I longed for an earthy girl, ideally from the country, so we could retreat there, grow vegetables and be hippies together.

But a year later, at the next Christmas bash, with the truckie gone, the flicker between us kindled when she played footsies with me under a pub table. Then she not only accepted my offer of a lift home, in preference to our flashy head salesman, but gave me a peck on the cheek and a coy smile before leaving my car.

I still wasn’t sure a month later, when our chain-smoking office matriarch Val pointedly remarked that there was a girl in the office and that no one was taking her out.

So I did, to meet my weekend friends in Fitzroy and Carlton, who all had degrees and worked in finance, insurance or IT. They haughtily dismissed Doris as unsuitable. She was shy and found them intimidating. The women baited her by flirting with me, which they’d never done before. Someone humiliated her by hiding her shoes. I began to feel unsuitable too.

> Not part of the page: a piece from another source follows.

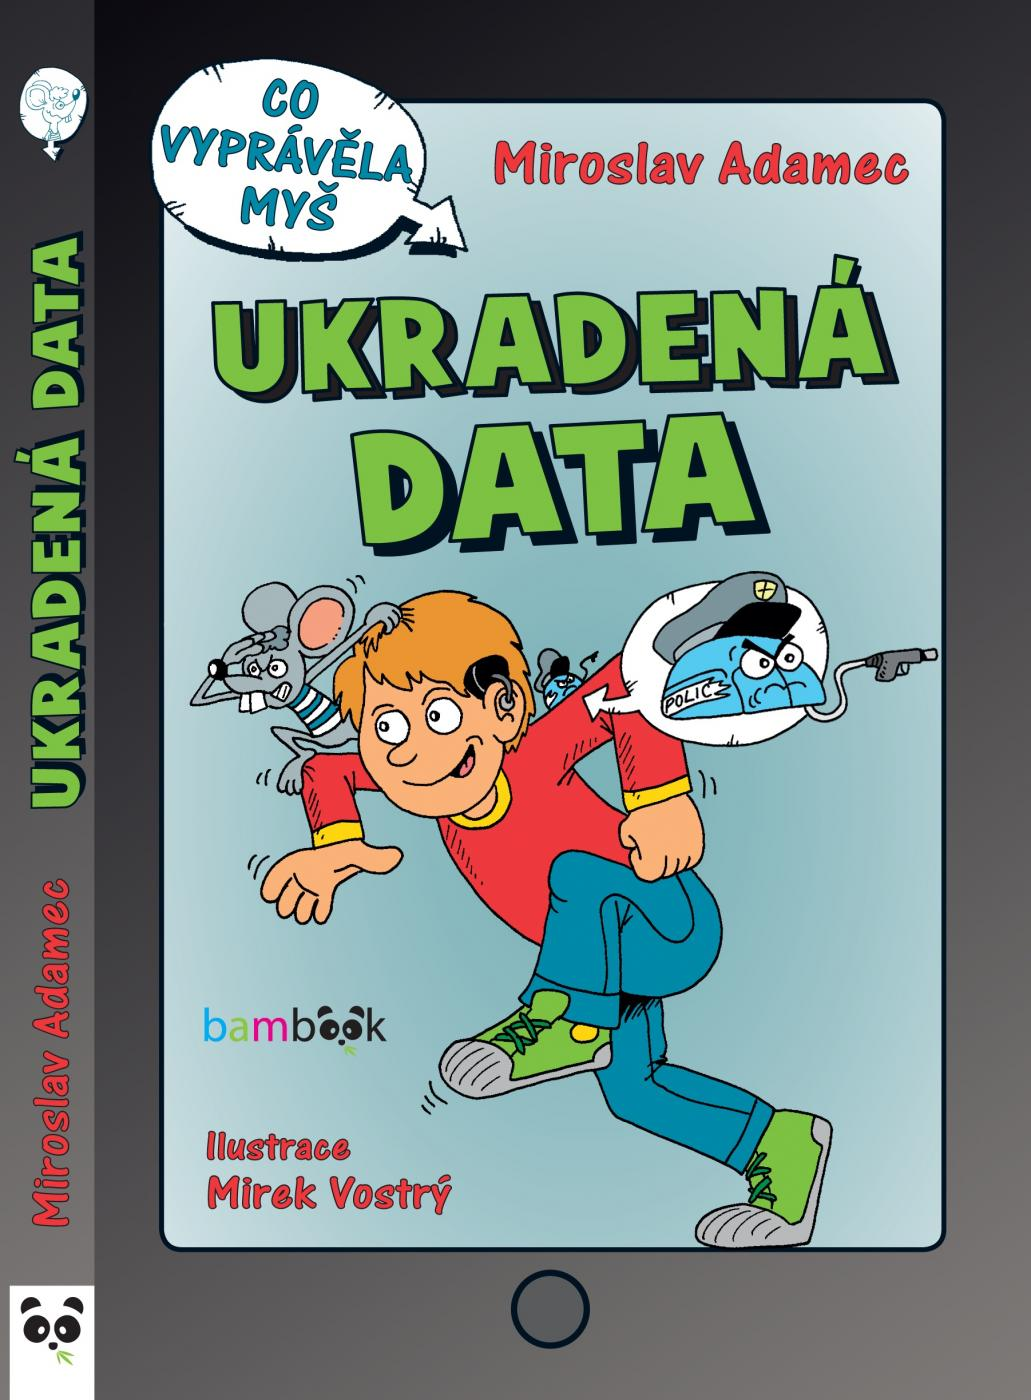 Ukradena Data Mirek Vostry

My family’s welcome was subdued – in contrast to Doris’s clan’s effusive acceptance of me. My mother confessed she was initially dismayed when I brought her home (before later declaring her “a gem”). I knew why. It wasn’t her family’s migrant status, directly. But Doris was so reserved and sometimes, having only spoken Maltese as a child, tongue-tied. She came from the factory, a place my parents saw as a dead end for me. Blame my father, who after I flunked uni had nudged me to get a job, any job, in the same week as a vacancy at the joinery appeared in the local paper.

My hippy mate Alan was more open-minded. He invited us to dinner in Prahran, where he was house-sitting a back yard dope crop for friends trekking in Tibet. Doris was more interested in their apricot tree.

She was at ease with herself that night. She wore a blue calf-length singlet dress that revealed her tanned, toned shoulders. The outfit was demure but drew me in, just like the woman who chose it. Alan asked Doris how she knew when apricots were ripe and we were both startled when she laughed and replied: “When the birds do.”

Doris and Andrew at the engagement party of one of their three sons, 2021
Andrew and Doris at the engagement party of one of their three sons in 2021. Photograph: Andrew Herrick

I glanced at Alan. Duh. I climbed the tree and picked the fruit the birds had marked, then watched her avidly consume them, her eyes sparkling above a sticky grin. Later that night, when we kissed, she tasted of apricots.

I saw my so-called uni friends one more time and decided I preferred Doris because of the ways she was unlike them: not worldly and cynical or promiscuous and miserable, but innately happy, self-sufficient and skilled. She enjoyed cooking, sewing and gardening, and was somehow both earthy and elegant, modest and vivacious, sensible yet passionate. What more could I want?

All doubts vanished when I went skiing for a week and found myself at bars and parties mired in misery. I couldn’t bear to be without her. After three days away I drove the five hours back to Melbourne, determined to spend the rest of my life with her, without really understanding why.

But then, we can’t ever really know why we yearn to spend our life with someone, for that question takes a lifetime to answer. And after 43 years together, I’m beginning to have a pretty good idea.